Former government agency of South Africa

The National Monuments Council (NMC) was the national heritage conservation authority of South Africa, and therefore also of Namibia (when South Africa occupied its territory), during the major part of the apartheid era. It was the successor body to the Historical Monuments Commission and became known principally for its declaration of several thousand national monuments.

The NMC came into being through the promulgation of the National Monuments Act of 1969 and ceased to exist on 31 March 2000 when it was replaced by SAHRA and the provincial heritage resources authorities established in terms of the National Heritage Resources Act of 1999.

== History ==
The National Monuments Council was the successor to the Historical Monuments Commission which had been in existence since 1923 and upon its creation the 'historical monuments' declared by the Commission became known as 'national monuments'.

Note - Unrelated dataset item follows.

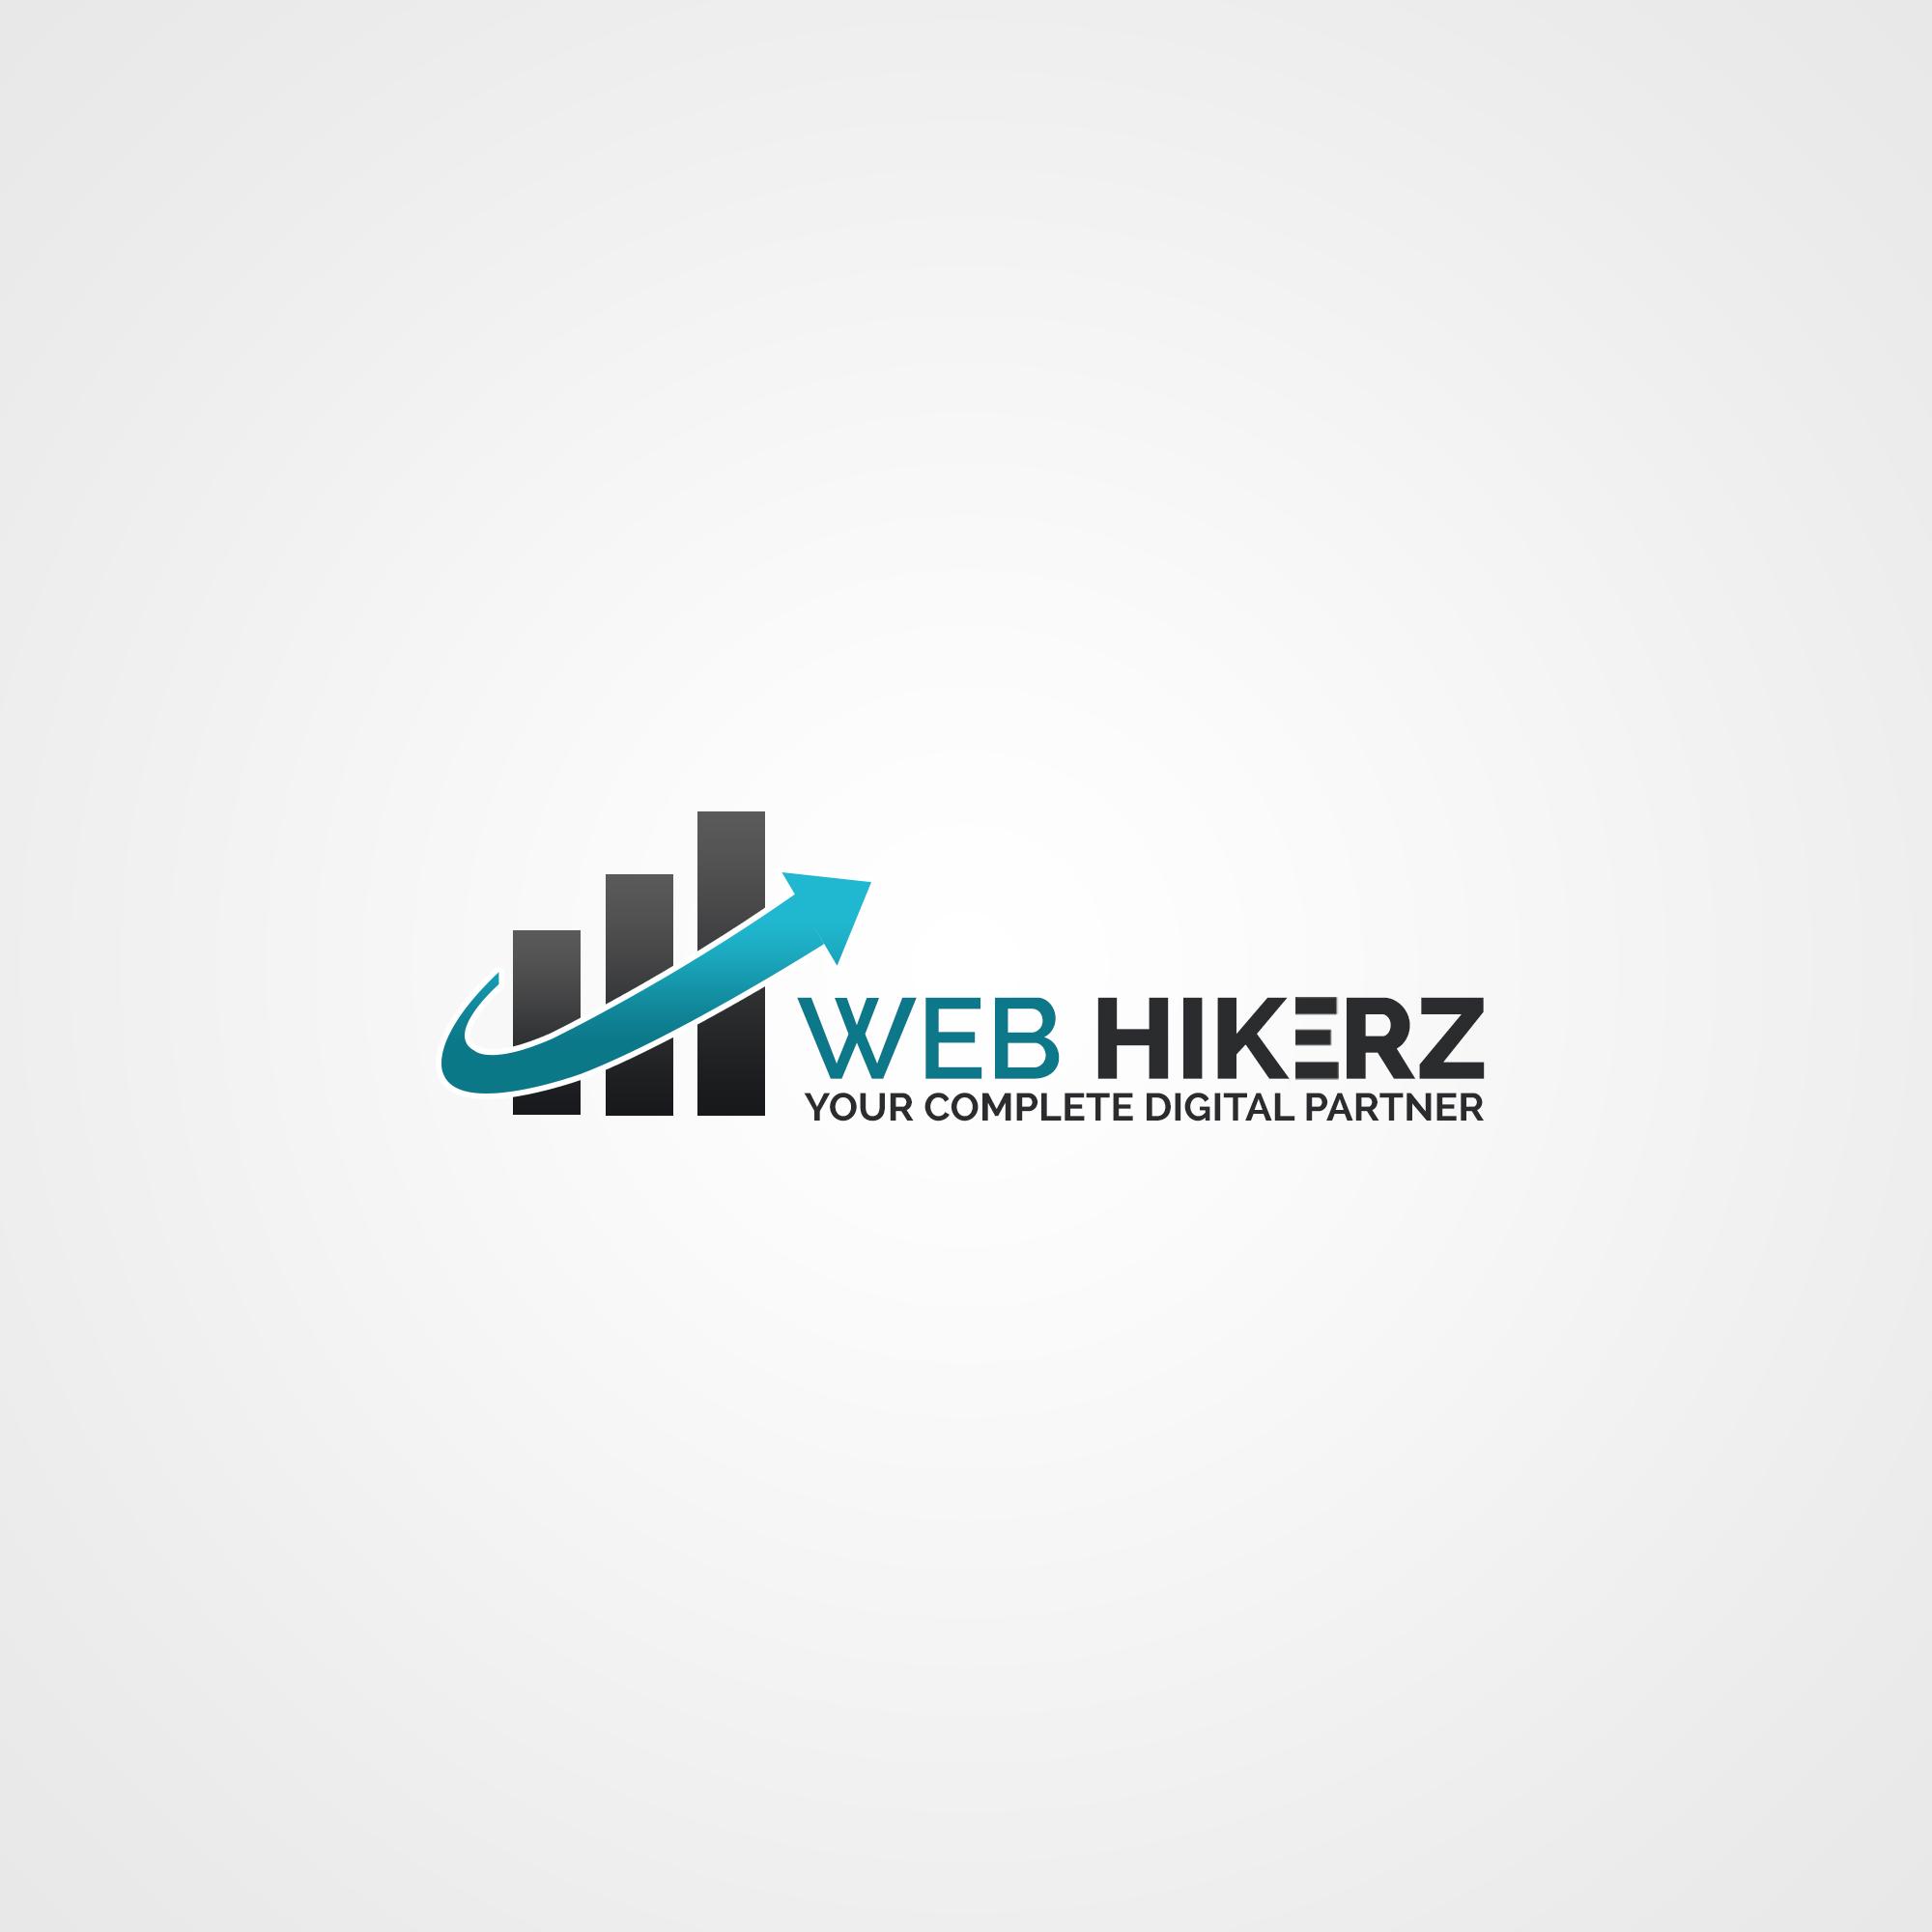 Web Hikerz profile on Qualified.One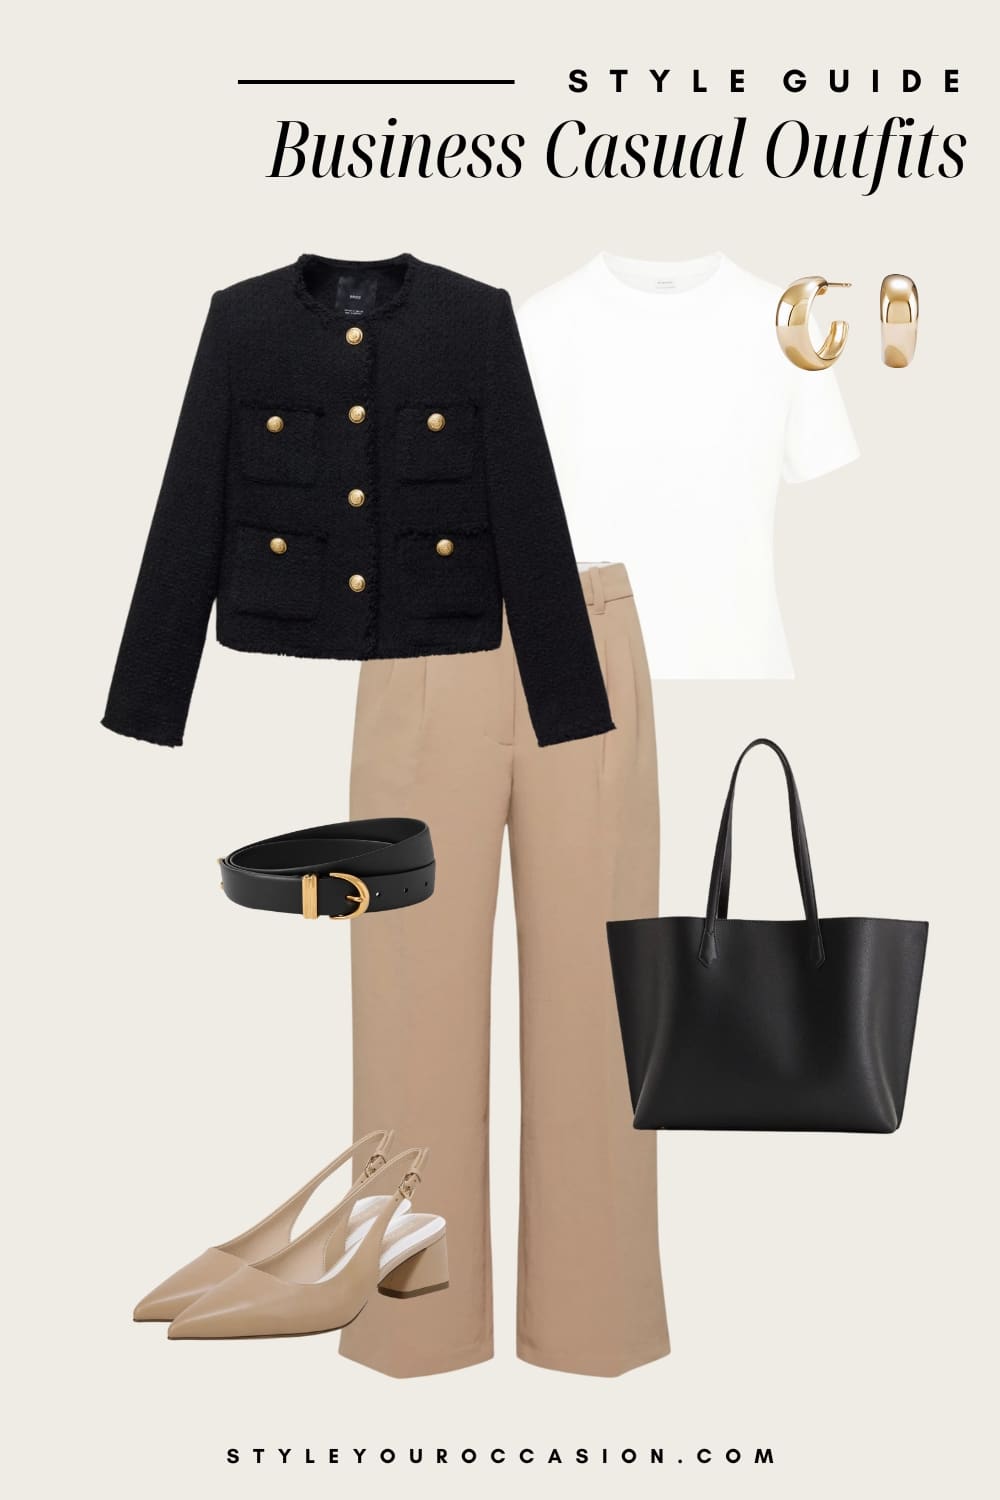 an image board of a business casual outfit featuring beige trousers, a black lady jacket, a white tee, black beige slingback heels, and black and gold accessories

Like its predecessor, it was a statutory body, semi-independent of government and presided over by a council appointed by the Minister responsible for culture. It had its head office in Cape Town rather than the national capital Pretoria.

This reflected its preoccupation with the heritage of the early colonial (Dutch) period, the area around Cape Town being the most densely colonised during that time and hence the area in which most remnants of Dutch colonialism in South Africa are located. This is borne out by the fact that around half of the national monuments declared by the NMC were located in what is now the Western Cape Province.

=== The Apartheid Era ===
Most of the period of existence the NMC fell within the apartheid era. During this period the organisation was governed by a Council made up exclusively of white South Africans and had a professional staff of similar composition. However, from not long after PW Botha's introduction of the Tricameral Parliament in 1984 the membership of the Council included one representative from each of the Coloured and Indian communities. During the de Klerk era (1989–1994) the organisation began to shift focus and declared a number of sites important to the history of the African community, including those associated with anti-apartheid movements, commencing with the declaration of the Sol Plaatje House in Kimberley in 1992.

=== Post-Apartheid ===
From 1994, under the post-Apartheid government, the make-up and focus of the organisation began to change to reflect the changes in South African society. During this period the composition of the council and professional staff came to reflect the demographics of the country and a concerted effort was made to declare sites that reflected a broader national heritage.

At the end of March 2000, the National Monuments Council was replaced by the South African Heritage Resources Agency, SAHRA, and over the following years the establishment of provincial heritage resources authorities saw the shift of the majority of its functions to provincial level. In terms of Section 58 of the National Heritage Resources Act national monuments became the responsibility of provincial heritage resources authorities and are now known as provincial heritage sites. A new category of national heritage site was created and is the responsibility of SAHRA.

=== Independence of Namibia ===
In 1990, when the territory of South West Africa became Namibia, the National Monuments Act remained in force and a National Monuments Council was established for the newly independent country. This organisation continued to operate until the promulgation of the Namibian Heritage Act of 2004 in terms of which the National Heritage Council was established.

=== Legacy ===
The most noticeable legacy of the National Monuments Council is the bronze badge which still adorns most provincial heritage sites in South Africa and heritage places in Namibia. The term 'national monument' is still used by most South Africans and Namibians to refer to anything protected in terms of heritage legislation.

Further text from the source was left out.